Although the author spent two hours annotating around 1500 pieces of data, this still seemed insufficient for training the model, so the author used data augmentation techniques to expand it to two million pieces of data.

2) Model: The author’s approach to constructing the entity extraction model is to view the entity extraction task as a QA problem, where the question is the dialogue statement and the answer is the extracted entity. Therefore, the author based the entity extraction model on BERT and mimicked the reading comprehension task model from SQuAD.

3) Prediction Results: Due to the power of the BERT model, the author found that the entity extraction effect was excellent through simple QA training, with only a small portion encountering issues. Below are some of the prediction results:

4) Character Relationships: As for the extraction of character entity relationships, the author analyzed relationships using rules based on the previous assumption. Among them, the dialogue between Baoyu and Xiren is the most (178+175), followed by Baoyu and Daiyu (177+174), and Baoyu and Baochai (65+61). Judging solely from the number of dialogues, Xiren and Daiyu occupy roughly the same space in Baoyu’s heart, while Baochai (65+61) occupies only about one-third of Daiyu’s space, slightly more than Qingwen (46+41).

Finally, the author uploaded the code to GitLab: https://gitlab.com/snowhitiger/speakerextraction.

2.2. Intelligence Detection

Hurricane, source: https://www.apnews.com/b4a51136559d44f589319ecfbf6f11a9

With the continuous increase in internet users, the amount of information on the internet has reached a level that cannot be processed by human effort alone, making intelligence information detection very important. Disaster information is a type of intelligence information, used in the preparation, mitigation, response, and recovery phases of disasters and other emergencies, such as explosion detection, sentiment analysis, and hazard assessment.

If disaster information on social media platforms like Facebook and Twitter is not effectively detected, it poses a significant security risk. Traditional disaster information detection relies on keyword filtering methods, but this approach has significant problems: first, the organizational forms of disaster information are constantly changing, and second, social companies have insufficient manpower to effectively maintain the keyword corpus.

Guoqin Ma extracted a machine learning model based on BERT to process disaster information, treating disaster information on Twitter as a text classification problem. Therefore, in the dataset used by the author, the author categorized Twitter information and disaster types into the following categories:

The author used a single-layer bidirectional LSTM as a baseline, then derived four model variants on BERT: default BERT, BERT+NL, BERT+LSTM, and BERT+CNN.

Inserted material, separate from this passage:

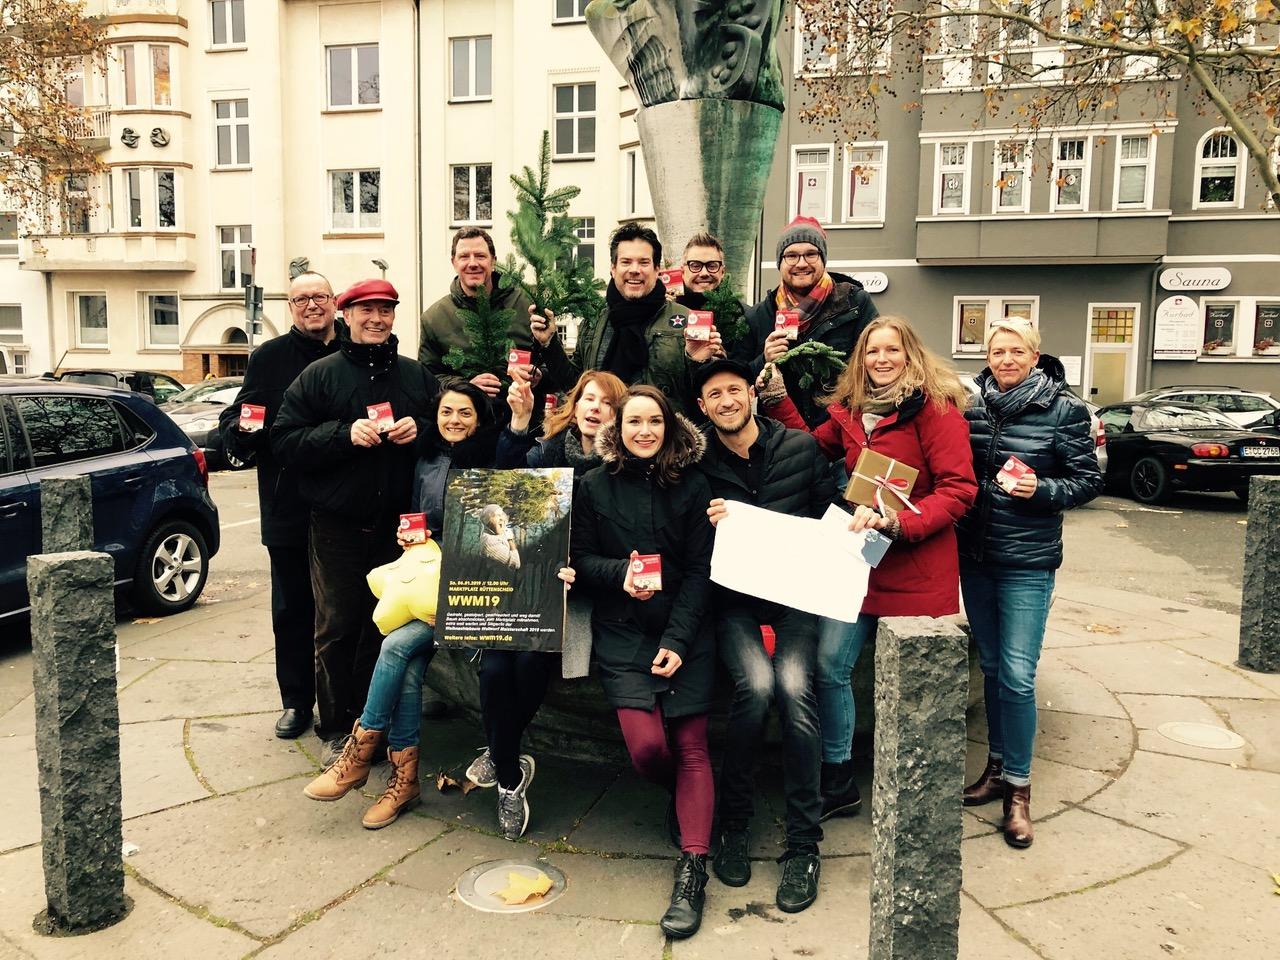 Den Zusammenhalt im Stadtteil stärken: Die Erlöse der Weihnachtsbaum Weitwurf Meisterschaft 2019 kommen den Essener Chancen zugute. (Foto: WWM19)

Among them, default BERT only adds a single-layer fully connected network and softmax to BERT’s output layer, while BERT+NL uses a multi-layer fully connected network and softmax. BERT+LSTM, as the name suggests, inputs BERT’s output layer into an LSTM network, and finally outputs through softmax. BERT+CNN follows the same principle, only replacing LSTM with CNN.

The final experimental results are shown in the following figure, where we can see that the BERT-based models surpassed the baseline model based solely on LSTM in all metrics.

Finally, the author uploaded the code on GitHub: https://github.com/sebsk/CS224N-Project.

2.3. Article Writing

In natural language processing tasks, text generation can be accomplished using the classic sequence-to-sequence model, which consists of an Encoder and a Decoder, generally implemented using RNN. However, using BERT for text generation is typically a challenging problem because BERT uses a MASK method during pre-training, which is an autoencoding (AE) approach, training with context and trying to reproduce the original input. In contrast, general LSTMs use a left-context-to-right-context prediction approach, which is an autoregressive (AR) method naturally suited for text generation, as text generation involves generating one word at a time from left to right.

So, can BERT not be applied to text generation? Alex Wang addressed this question in his paper “BERT has a Mouth, and It Must Speak: BERT as a Markov Random Field Language Model”, with the title directly answering the question: BERT has a mouth that can speak.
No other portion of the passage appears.